See Custom Component Registration for more details.

Agent Configuration

The agent section controls execution behavior and quality gates.

agent:
  num_runs: 1                           # Number of times to run each test case
  parallel_execution: false             # Run tests in parallel
  max_workers: 4                        # Max parallel workers (if parallel enabled)
  fail_on_threshold_violation: true    # Exit with error if evaluations fail
  log_level: INFO                       # Logging level (DEBUG|INFO|WARNING|ERROR)

Configuration Options

Option	Description	Default	Type
`num_runs`	Number of times to execute each eval case	`1`	integer
`parallel_execution`	Enable parallel execution of test cases	`false`	boolean
`max_workers`	Maximum number of parallel worker threads	`4`	integer
`fail_on_threshold_violation`	Exit with error code when evaluator thresholds are violated	`true`	boolean
`log_level`	Logging verbosity level	`INFO`	string

fail_on_threshold_violation

Purpose: Controls whether the evaluation process should fail (exit with error code 1) when any evaluator thresholds are violated.

Use Cases:

✅ When to enable (fail_on_threshold_violation: true):

CI/CD Pipelines: Fail builds when LLM quality drops below thresholds
Regression Testing: Prevent deployments if model performance degrades
Quality Gates: Enforce minimum quality standards before production
Pre-commit Hooks: Block commits that violate quality thresholds

# CI/CD configuration - fail on violations
agent:
  fail_on_threshold_violation: true  # Block deployments if quality drops

evaluators:
  - type: response_evaluator
    config:
      similarity_threshold: 0.85  # Minimum 85% similarity required
  - type: cost_evaluator
    config:
      max_cost_per_case: 0.05     # Maximum $0.05 per test

📊 When to disable (fail_on_threshold_violation: false):

Monitoring & Reporting: Track metrics over time without failing
Exploratory Testing: Test new models/prompts without strict requirements
Development: Iterate quickly without strict quality gates
Gradual Rollout: Collect data before enforcing thresholds

# Monitoring configuration - collect data without failing
agent:
  fail_on_threshold_violation: false  # Continue despite violations

reporters:
  - type: database
    db_path: ./metrics.db  # Track trends over time

Error Output Example:

When violations occur with fail_on_threshold_violation: true, you'll see:

================================================================================
  THRESHOLD VIOLATION DETECTED
================================================================================

❌ 3/10 evaluation(s) failed to meet thresholds
Success rate: 70.0% (100% required)

Failed evaluation cases:
  • test_001 (run 1) - Failed: response, cost
  • test_003 (run 1) - Failed: latency
  • test_007 (run 1) - Failed: trajectory

================================================================================
💡 TIP: Set 'fail_on_threshold_violation: false' in agent config to continue
        despite threshold violations (useful for monitoring/testing)
================================================================================

Exit code: 1 (failure)

Telemetry Configuration

Enable OpenTelemetry tracing for deep observability into evaluation runs.

agent:
  telemetry:
    enabled: true           # Enable tracing (default: false)
    exporter: phoenix       # "console", "otlp", or "phoenix"
    service_name: judge-llm # Service/project name for traces
    endpoint: http://localhost:6006  # Exporter endpoint (optional)

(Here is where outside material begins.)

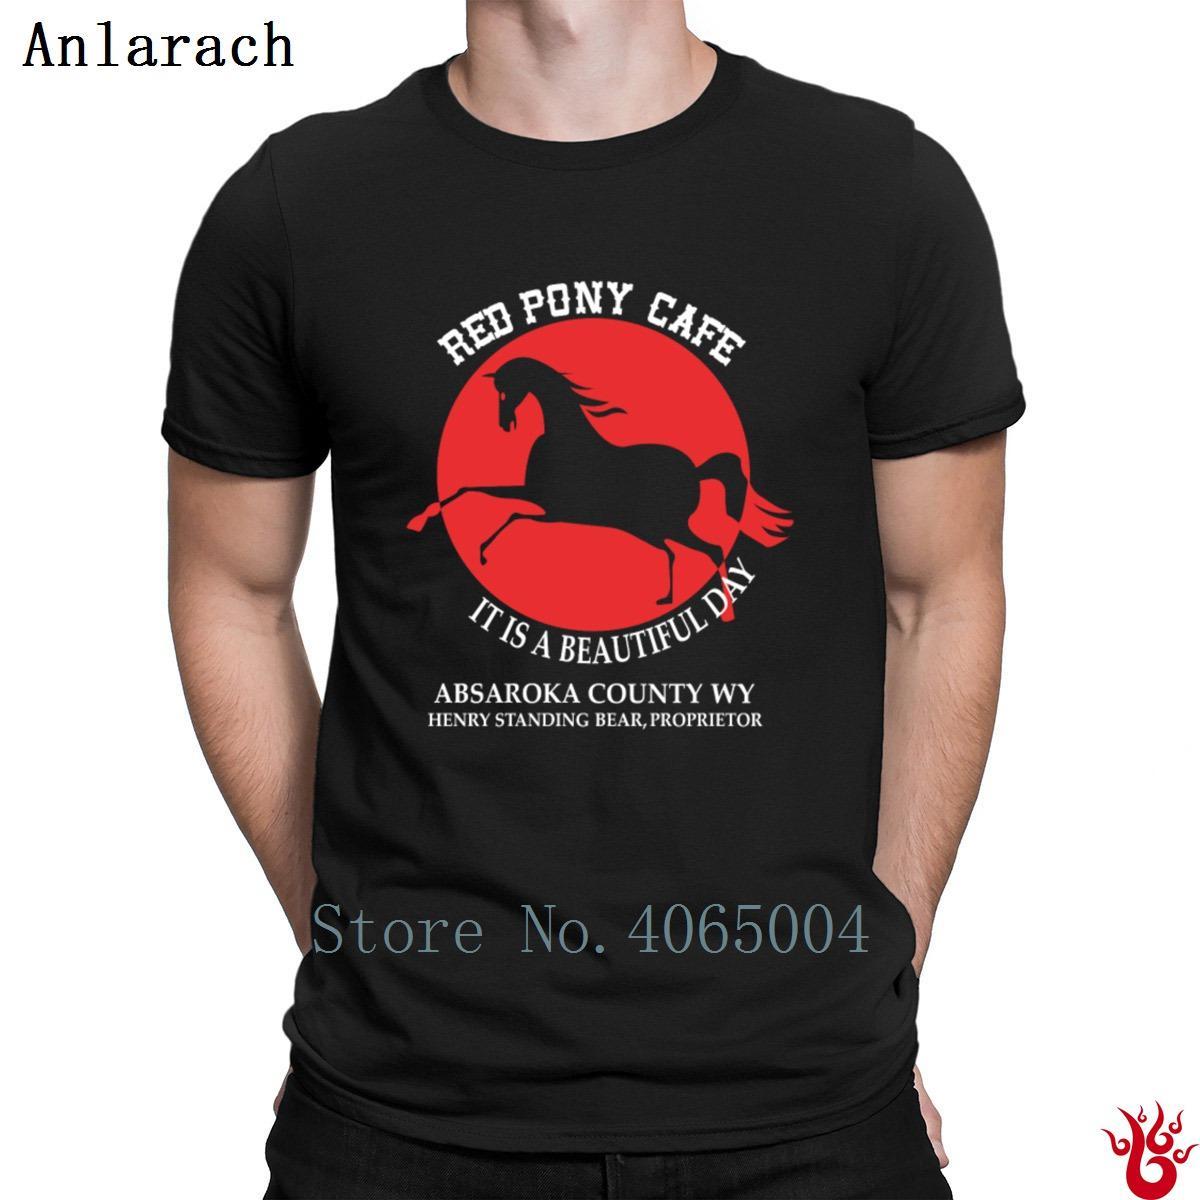 Red Pony Cafe E 'una bella giornata shirt magliette della novità Hiphop Top T For Men 2018 fitness divertente casual formato S-3XL del modello
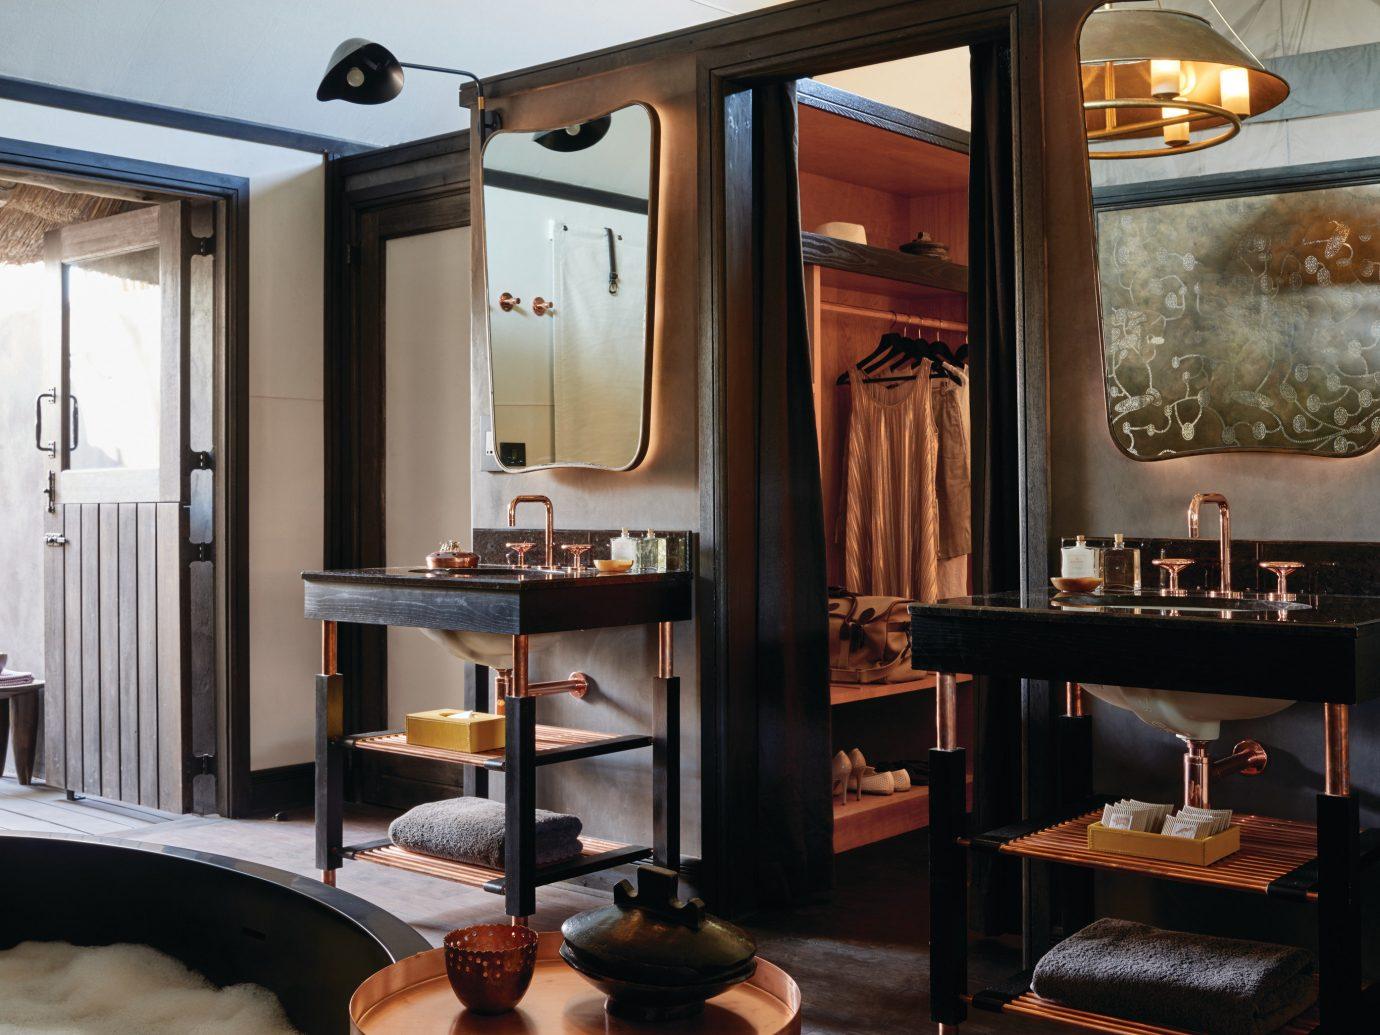 Trip Ideas indoor room interior design furniture cabinetry

Option	Description	Default	Type
`telemetry.enabled`	Enable OpenTelemetry tracing	`false`	boolean
`telemetry.exporter`	Exporter type (`console`, `otlp`, `phoenix`)	`console`	string
`telemetry.service_name`	Service name for traces	`judge-llm`	string
`telemetry.endpoint`	Exporter endpoint URL	varies by exporter	string

Can also be enabled via environment variable JUDGE_LLM_TELEMETRY=true or CLI flag --telemetry.

Requires optional dependencies: pip install judge-llm[telemetry] or pip install judge-llm[phoenix].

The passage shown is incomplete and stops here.